Tengo miedo de volver a querer así que al mar me voy, a olvidar tus ojos negros, tú linda voz, esas manos tan dulces y todo lo que soy hoy.
Tengo miedo de ser cobarde y de no poderme expresar. Tengo pánico, y es mejor afirmar que en estos momentos, me muero por ti.
Cuando te me acercas empiezo a temblar y me apareces como de un sueño del que no voy nunca a despertar.
Tengo miedo de no ser yo así que al mar me voy, a sumergirme en sus aguas y a olvidarme de ti, de tu hermosa cintura, de tu cara cuando me haces feliz.
Desdichado tiempo que no te puedo matar ni a esta cosquilla en la panza cuando tú ya no estás.
Me he vuelto a enamorar y es difícil de entender como sufro las ganas de no poderte tener.
Amor comprimido en un espacio de mí, se hace tan grande que quiere salir a ver la vida con sus propios ojos.
Tengo miedo de ser infeliz y del poder que ejerces sobre mí. Tengo miedo, y no me pueden culpar, así que en las olas de este bello mar, me dispongo a morir.
Maldito cobarde que no puede escapar del brillo que emites en la oscuridad, ni del sabor de tus labios que vienen y van con la briza del viento.

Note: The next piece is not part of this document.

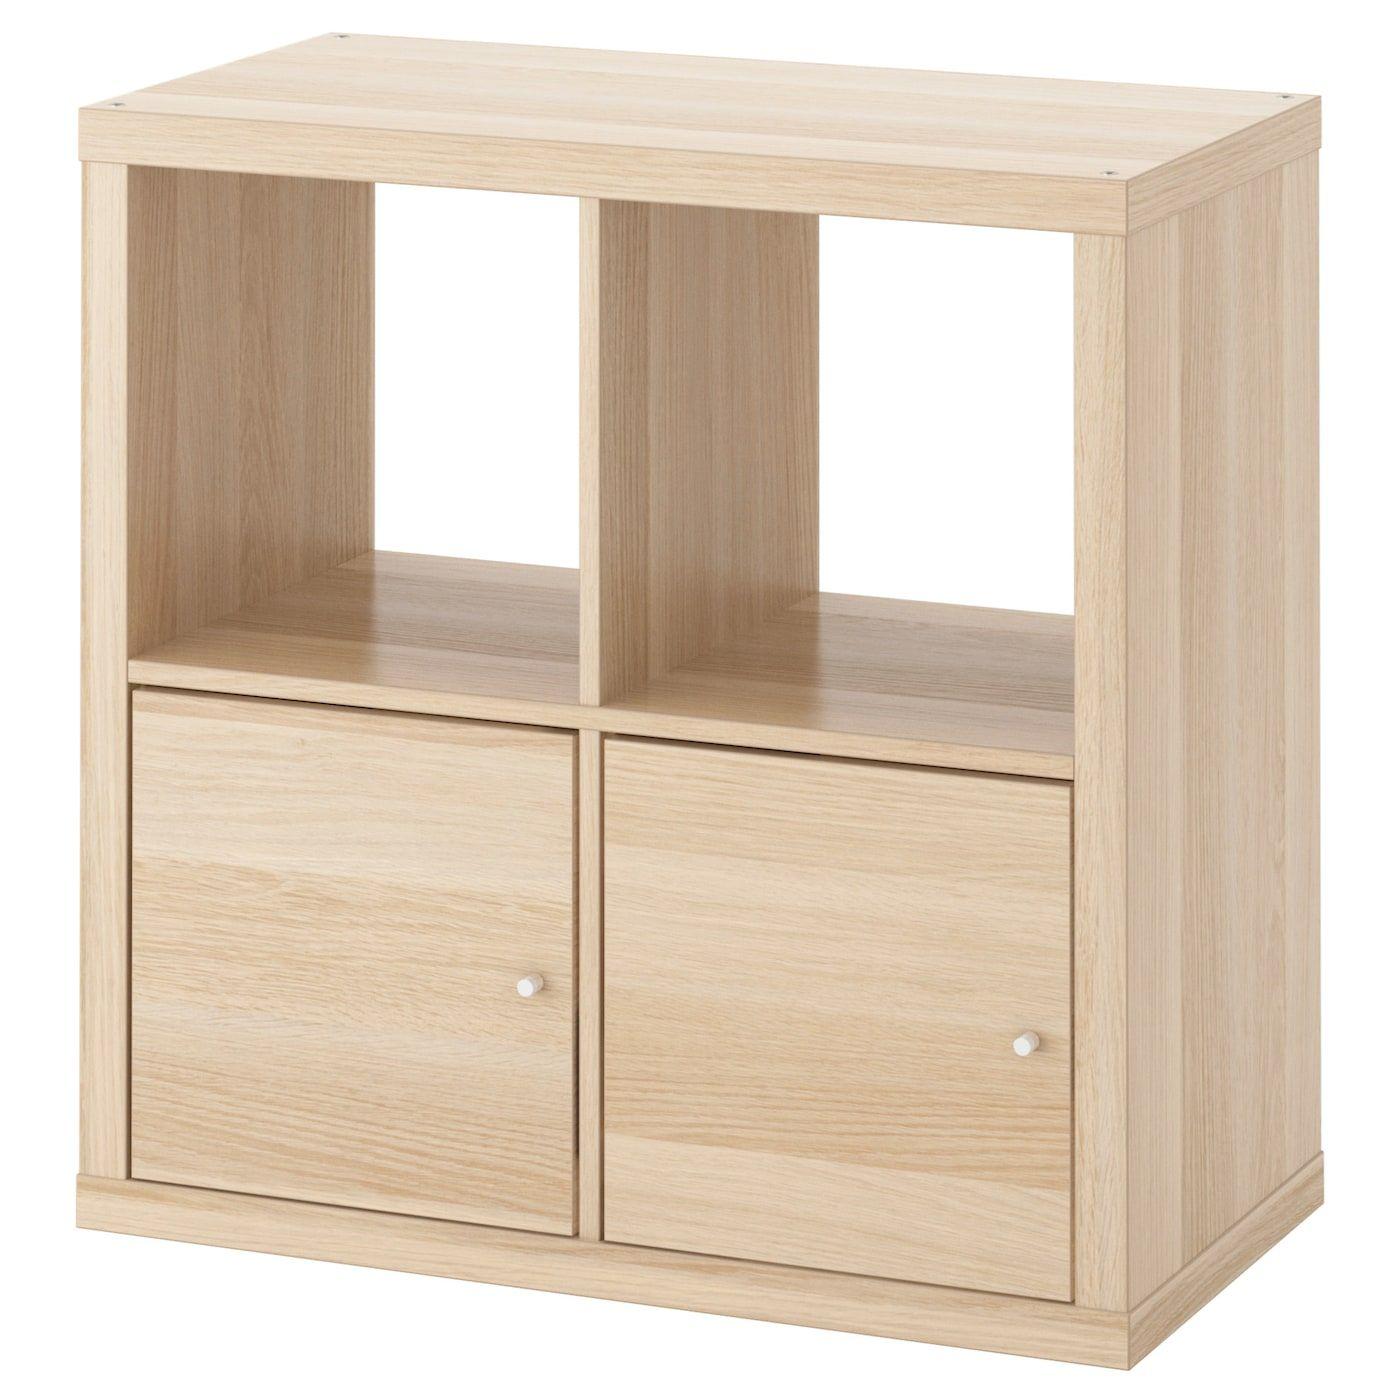 Ikea Regal Mit Turen Kallax Eicheneff Wlas Breite 77 Cm Tiefe 39 Cm Hohe 77 Cm Max Belastung Regalboden 1 In 2020 Kallax Regal Regal Mit Turen Ikea Regal

¿Alguien en este mundo me podrá entender, y venir a salvarme?.
Soy adicto al amor y a todo lo que tú representas, soy adicto a sufrir y a esas entrepiernas, a tu risa de diosa, a la magia que queda cuando por fin me doy cuenta, que nunca, vas a ser para mí.
Desdichada la vida y la soledad y este miedo que tengo de poderte amar como jamás nadie lo hizo y que tu no comprendas esta locura sin fin de aferrarme a tu alma y de ser para ti, más, de lo que nunca he sido.
Tengo miedo de amar y de que tú no me quieras igual y de este dolor que quiere estallar como gotas de lluvia en la orilla del mar.
Tengo miedo de tan solo mirar las bellas siluetas de tu caminar y que por fin te des cuenta de esta pasión y de las ganas de amarte de mi corazón.
Tengo miedo y no lo puedo evitar, se me escapa la vida buscando parar, se me van las noches, las horas, y la realidad. Se me va el sueño, el hambre, y la verdad, es que no puedo dejar de pensar en ti.
Por piedad, de rodillas, te lo pido de favor, toca con tus labios mi alma ensangrentada para poder morir de amor.